Overseen by Drake’s closest artistic partner, Noah “40” Shebib, the album is full of hollowed-out beats, whooshing synths that feel like liquored lashings of warm breath, and hooks more aching than anthemic. With tracks like the year-defining ‘Marvin’s Room’ – a 2am drunk-dial distilled into song – Take Care isolates and emphasizes what made Thank Me Later so outstanding, that curiously comprehensive exhaustion both emotional and physical. Even his kiss-offs are tinged with undercurrents of regret: ‘Shot For Me’, with lines like “Bitch I’m the man/Don’t you forget it” sung in Drake’s sweetest falsetto, is skin-crawlingly fake, turning what makes him out to be whiny into a psychological weapon sharper than anything this side of Odd Future.

drake take care album cover

The album cover is ridiculous but accurate, a protagonist at the top of his game simultaneously reveling and wallowing in their own larger-than-life glory. But unlike most hip-hop events, and in true Drake fashion, more time on Take Care is spent reflecting than bragging. Take Care feels like an event, and it sounds like one too: it’s Drake’s self-conscious attempt to make up for his rushed debut Thank Me Later, an album that – as masterful as it was – sounded like the work of a novice visionary, a true debut album that tried to spread out in too many directions at once. But those are the things that make Drake Drake: they’re why he has a dedicated following not only in the mainstream, but with hipsters, stodgy music critics, and avant-garde aficionados alike.
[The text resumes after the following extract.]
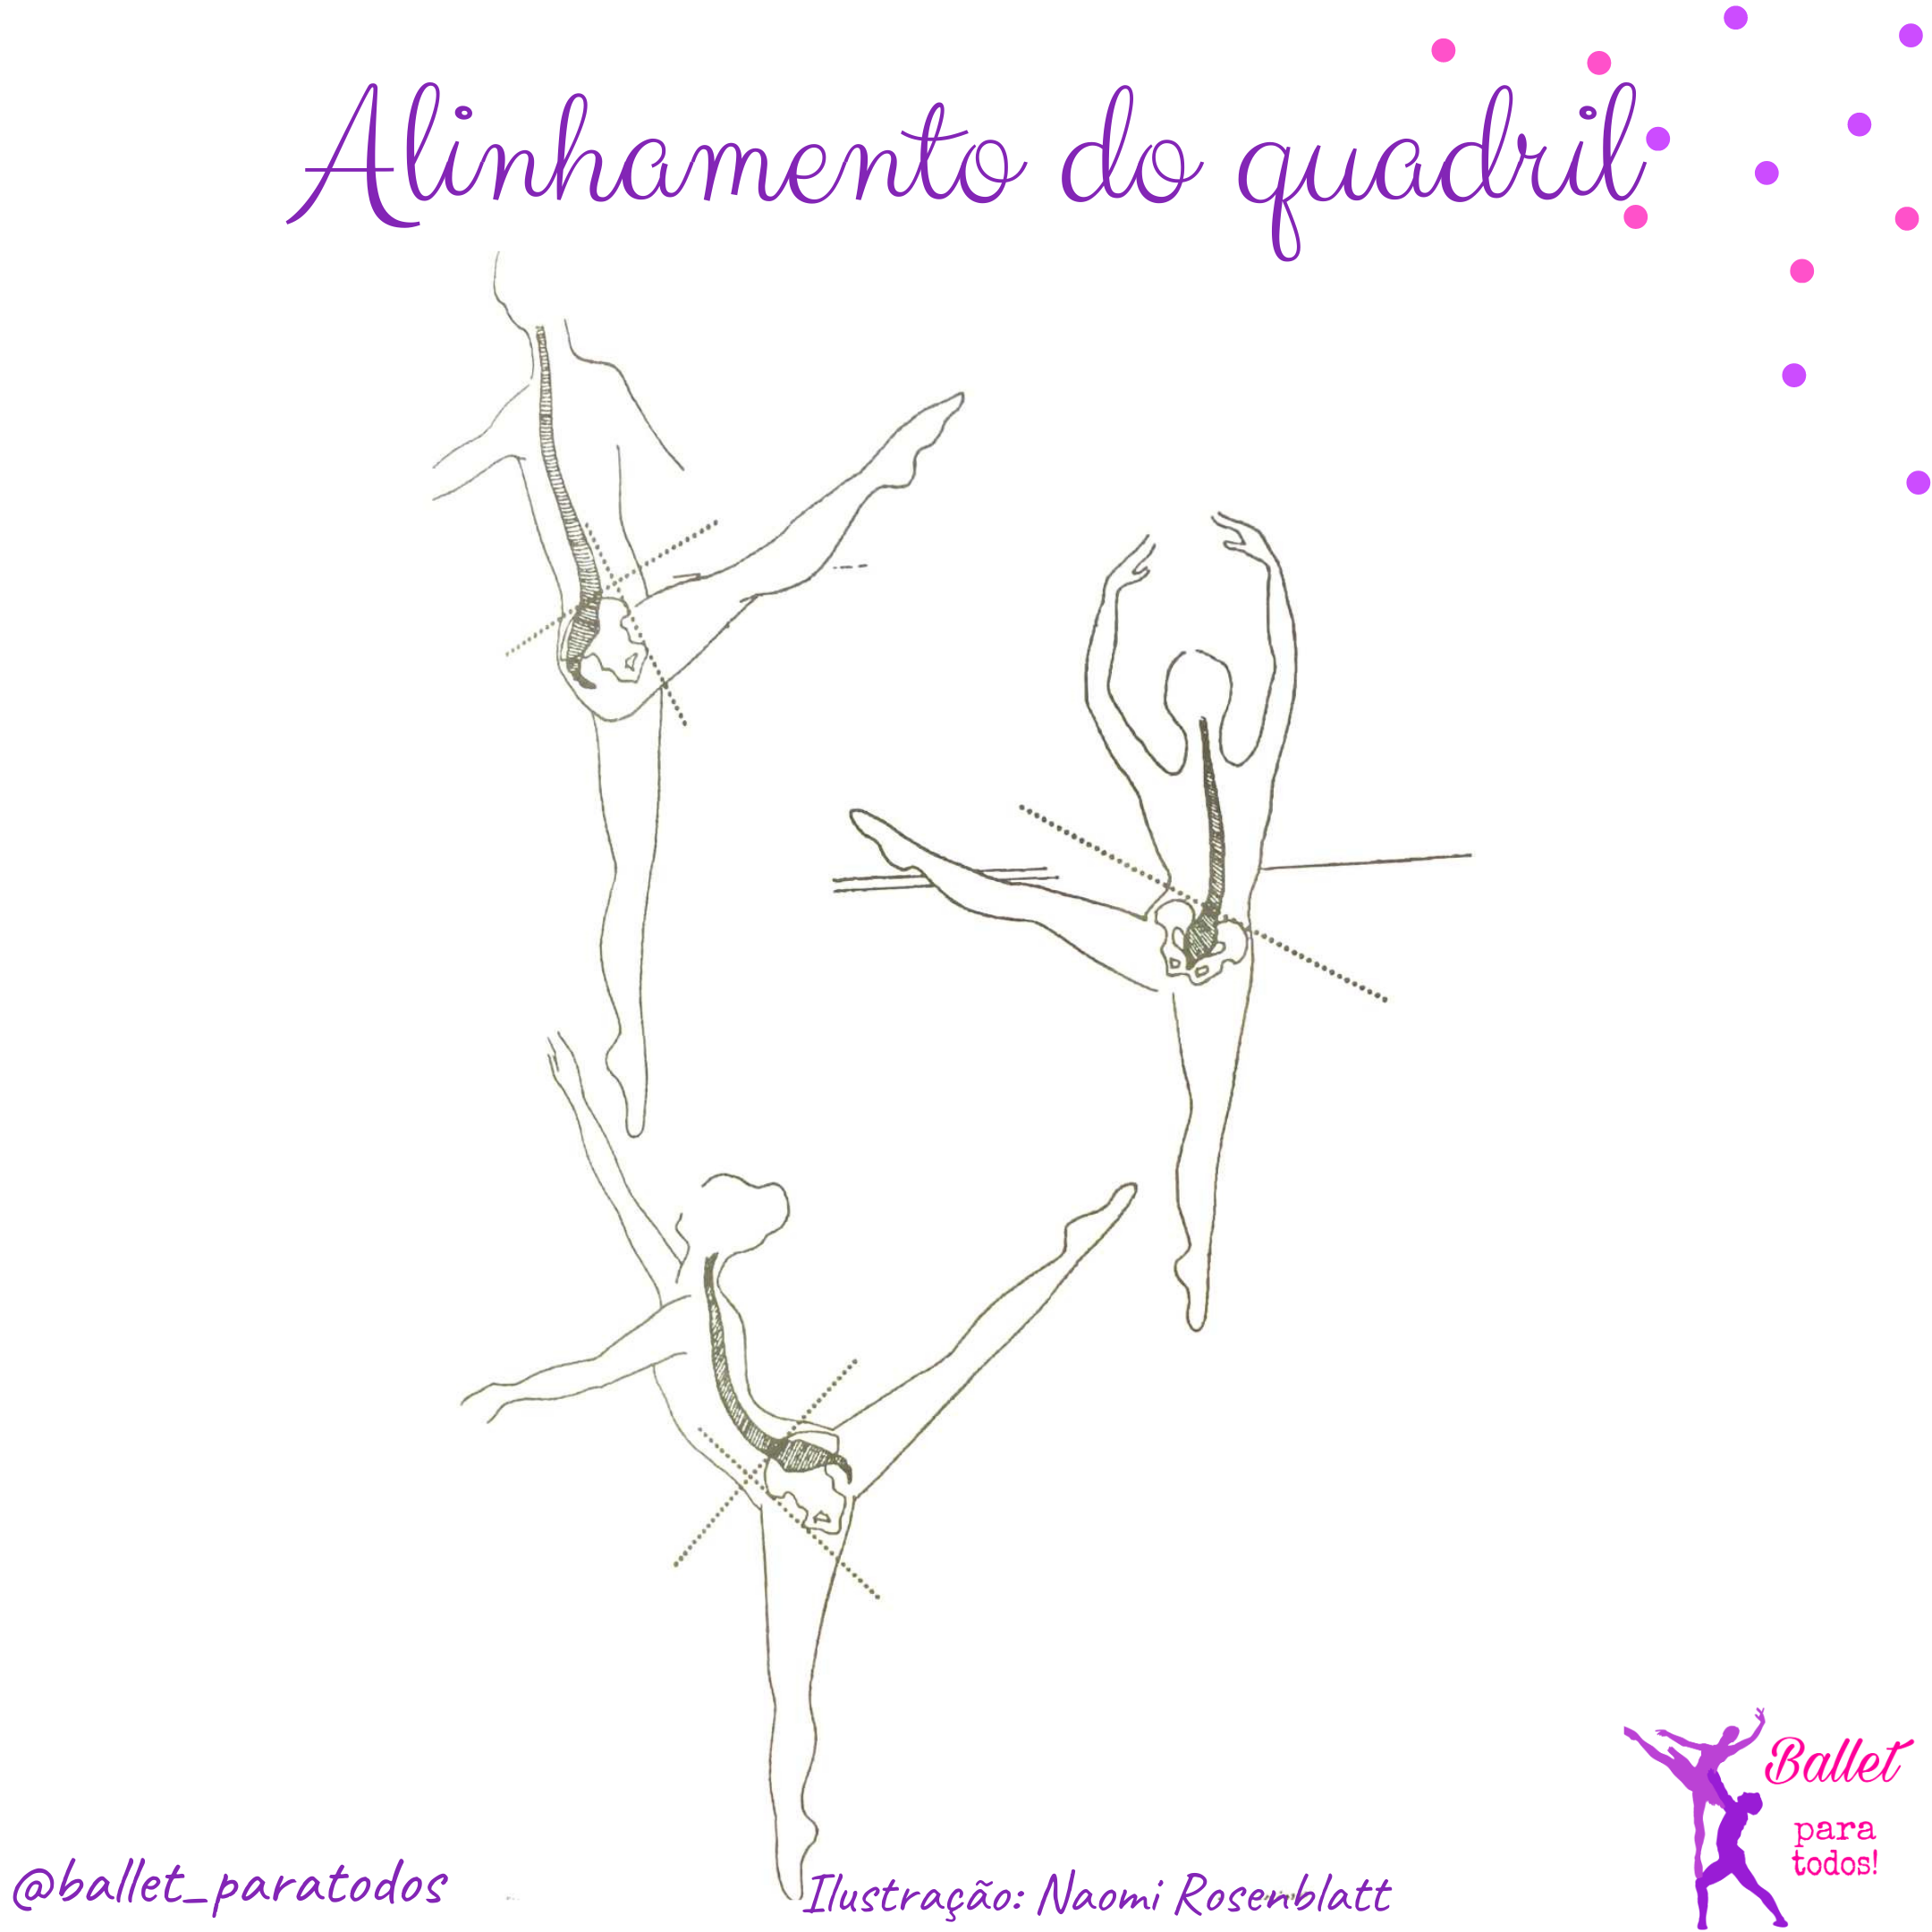 Mundo Bailarinístico - Blog de Ballet: Métodos Ballet - Cecchetti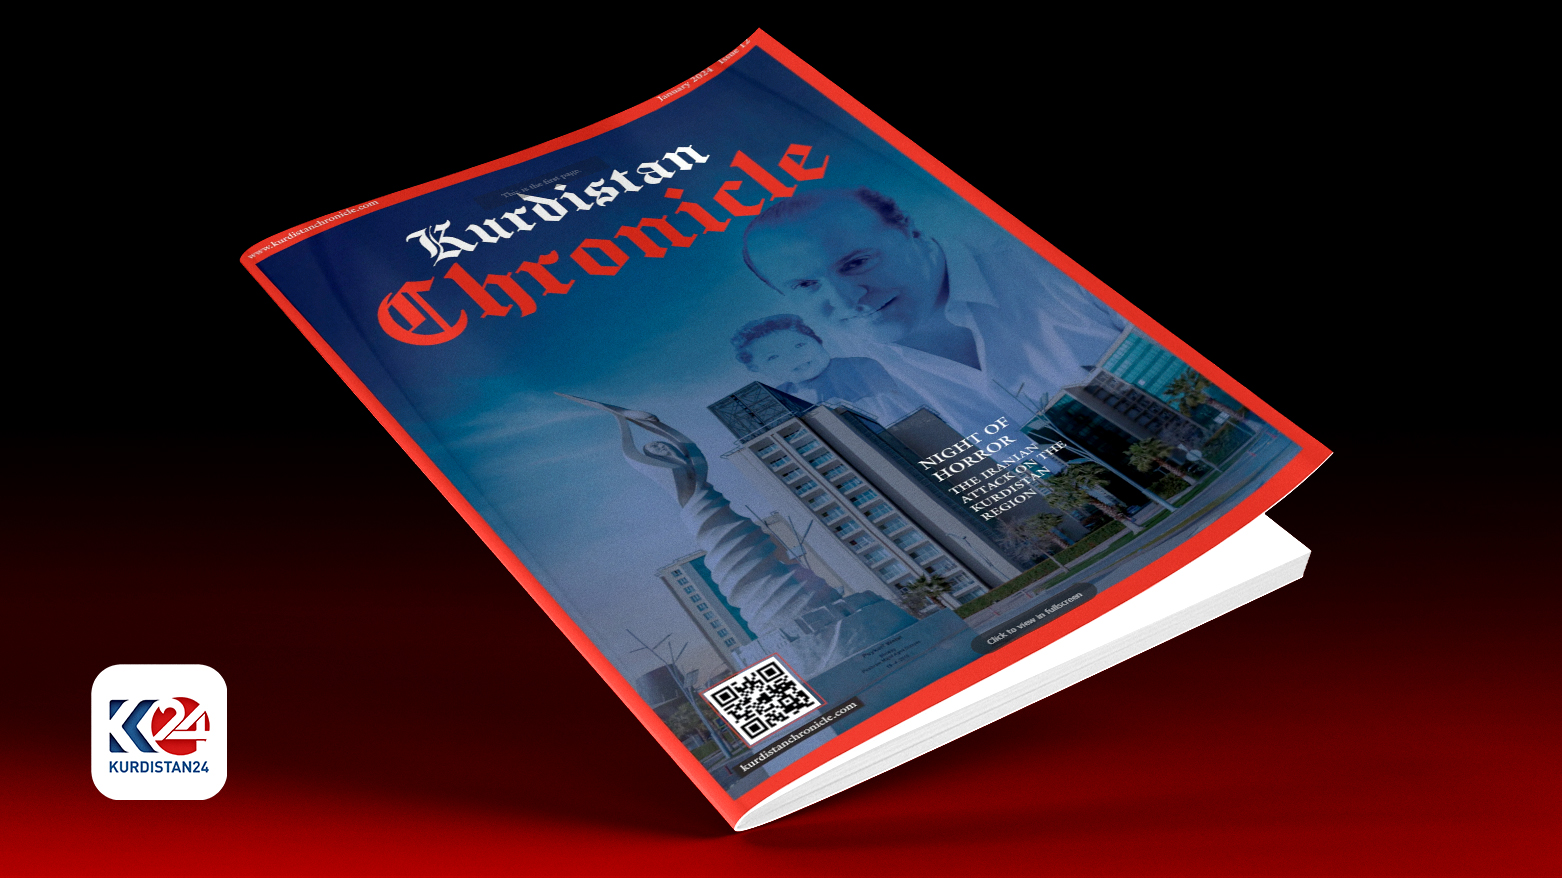 Kurdistan Chronicle magazine features Iranian attack on Kurdistan Region

Take Care comes with all sorts of baggage: almost half of its tracks were let out before its release in one form or another, and the most divisive things about Drake – his toxic narcissism, his workmanlike singing, and his narcoleptic tempo – have only been emphasized. It isn’t till track three that we get anything close to uplifting, and I don’t think any of us would have it any other way, really. The first sound we hear on one of the most anticipated hip-hop albums since Tha Carter III is the distorted warble of Canadian adult-contemporary singer-songwriter Chantal Kreviazuk.